A knowledge graph represents a collection of connected descriptions of different entities, relationships, and semantic definitions. Entities can be actual objects, events, or even notional or abstract concepts.  

Knowledge graphs combine database characteristics as the data can be queried, a graph as it forms a network, and a knowledge base as the data supports formal semantics. These combined characteristics can help interpret the data and help infer new insights.

The KG Engine of the Data Fabric 

A data fabric relies on a set of tools and services to keep the components going and pull together the information of the fabric. For example, metadata can be collected as data is ingested or transformed and pushed to a metadata store or pulled directly from data stores or sources through data discovery tools.

Data is stored in various types of data stores post ingestion and processing. Data can also sit in different environments on-premises, on the cloud, or in multi-cloud and hybrid environments.

The Knowledge Graph (KG) Engine provides a mechanism to abstract the complexities related to data ingestion, data processing, and data storage and movement to provide a unified view of the data. 
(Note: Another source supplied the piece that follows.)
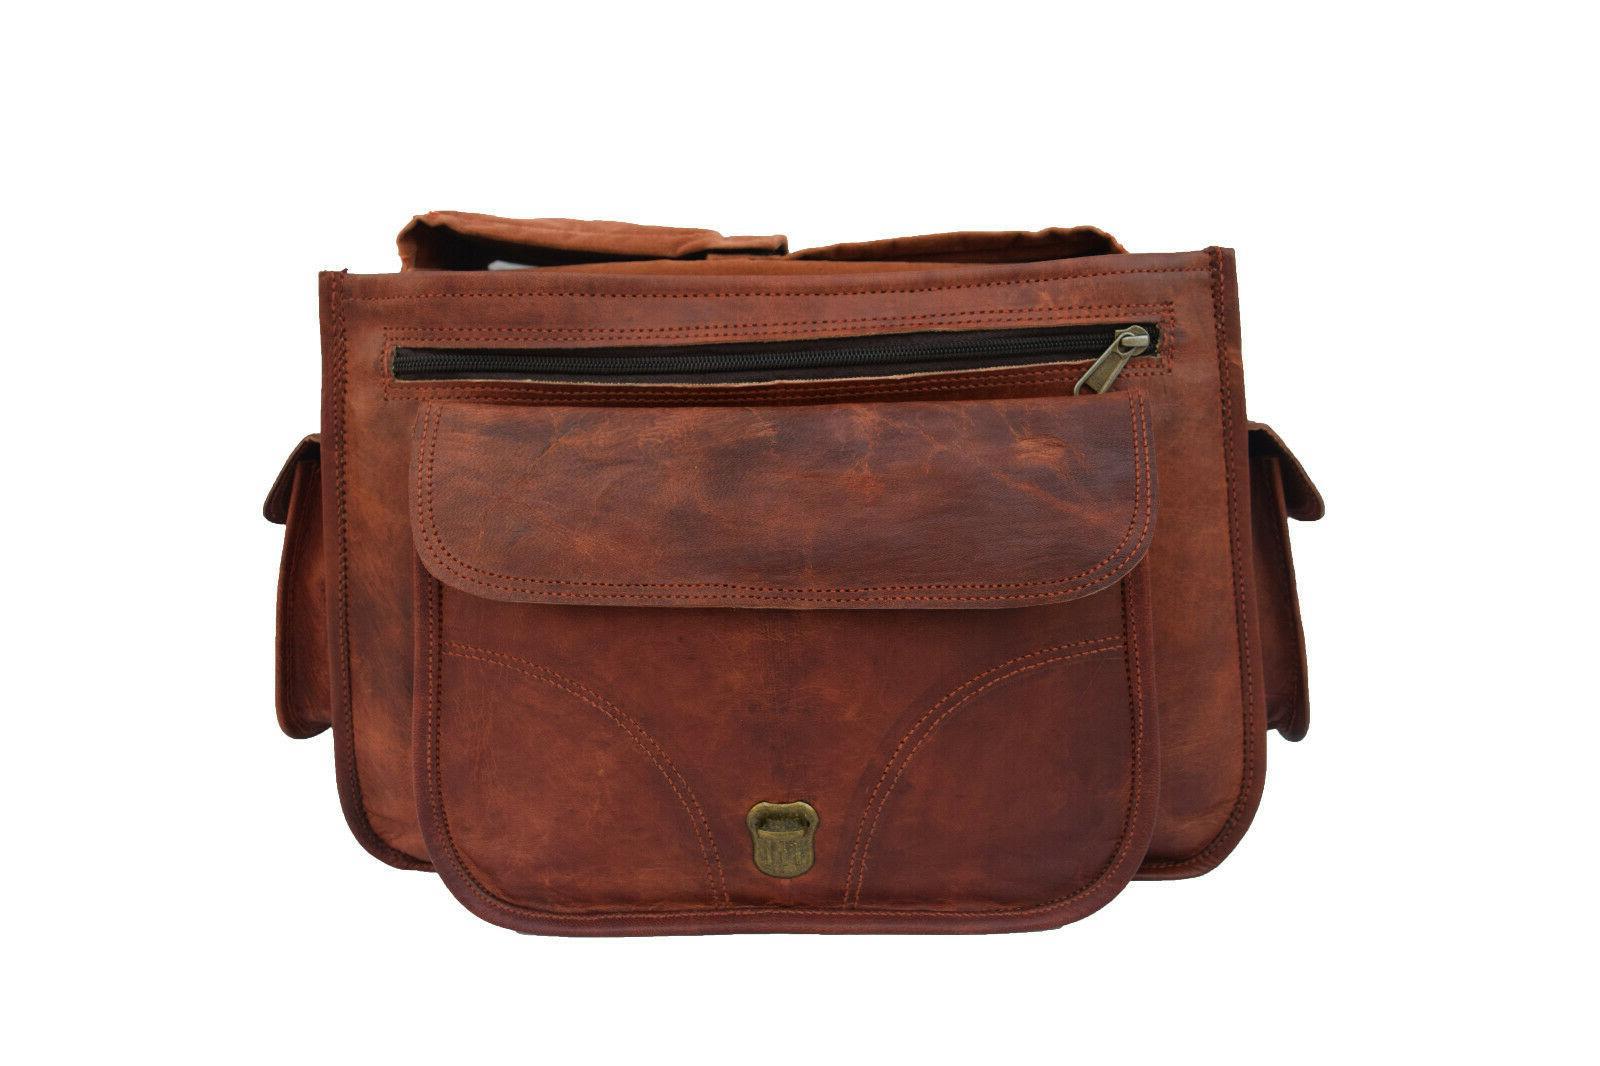 Vintage Camera Bag Satchel Crossbody Handbag

Below is a representation of the KG Engine setup to power the enterprise-wide data fabric:

The metadata collected and the data available across systems and environments feed into a conformance layer for quality checks and extracting information in case the data is unstructured.

The conformed information undergoes entity resolution and semantic integration to create the semantic data models based on ontologies, which can then be questioned and inferred as part of the data fabric. 

The KG Engine can be automated to ensure that the knowledge graph continuously evolves as more data sets and metadata becomes available. As a result, applications, algorithms, and teams can use the information. 

In conclusion, knowledge graphs enable semantic data modeling and make it easier to understand the data. It also helps translate disparate data into information that can be consumed (through queries or visualization) for different decision-making purposes by organizational actors using the data fabric.